Девушка дергалась в стороны, извивалась, но не могла вырваться. Она не кричала, а только со слезами вскрикивала:
— О, пан жолнеж! О, пан солдат!..
Голова Макса отяжелела от мгновенного прилива крови, и в это время ладонь Вильгельма легла на его руку:
— Сиди, Макс! Сиди…
— Но это же свинство!
— Отчасти — да, Макс. Но не ввязываться же из-за каждой польки в скандальные истории…
— Какой-то табун жеребцов, а не воинов! — процедил Макс сквозь зубы и отвернулся от окна.
— Всех благ, Макс! — Вилли поднял кружку с пивом.
Не успел донести до рта, как вместе с Максом разом обернулся к окну: с улицы — выстрелы, крики.
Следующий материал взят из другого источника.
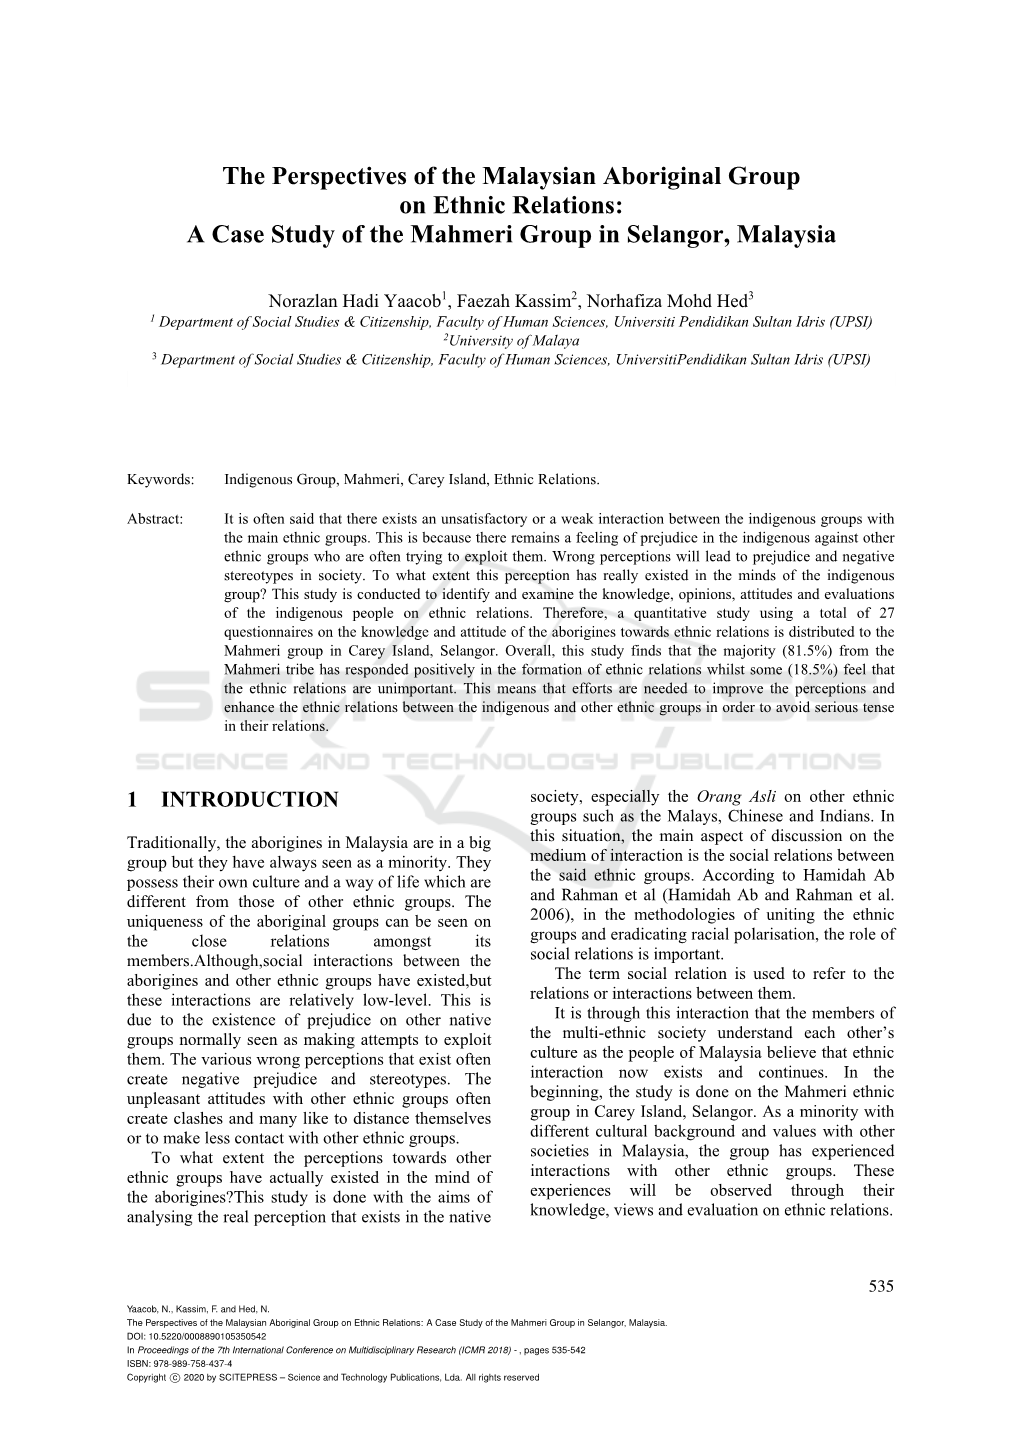 A Case Study of the Mahmeri Group in Selangor, Malaysia

На тротуаре лежал навзничь тот самый верзила, мелко и часто совал ногами, словно вращал педали велосипеда. Второй солдат, сломившись вдвое и зажимая руками живот, вертелся на месте. Из распяленного рта его тянулся тонкий нескончаемый вой. К близкому перекрестку бежала девушка-полька, увлекаемая за руку маленьким мужчиной в рабочей спецовке. От подъезда гостиницы, встав на колено, по ним бухал из винтовки часовой, из окон номеров хлопали револьверные выстрелы. Пули с фырканьем рикошетили от стен и мостовой.
Вильгельм вскочил:
— За мной, Макс!
Выскочили на улицу и побежали за мужчиной и девушкой. На перекрестке те свернули за угол, но Вилли с Максом скоро добежали до него и снова увидели их, только теперь беглецы удирали врозь.
— Догоняй девку! — крикнул Вильгельм Максу, а сам кинулся за мужчиной.
Прохожих почти не было, и никто не мешал Максу быстро настигать девушку. Зачем он это делал — не задумывался.
Девушка поднырнула под низкий свод кирпичных ворот. Когда и Макс свернул в них, то беглянка виднелась довольно далеко в сумеречной узости двора, который оказался проходным — от улицы до улицы. Макс расстегнул крючки воротника и наподдал ходу, делая двухметровые скачки. Настиг ее у противоположных ворот.
— Стой! — приказал негромко, хватая за локоть.
Девушка остановилась и спиной притиснулась к стенке.
— Стой, — повторил Макс хрипло, с трудом переводя дыхание.
Для чего повторил, не знал, потому что она не только стояла, она почти падала. Она тряслась, не произнося ни слова, и часто дышала открытым маленьким ртом, в остановившихся глазах Макс увидел ужас обреченного человека.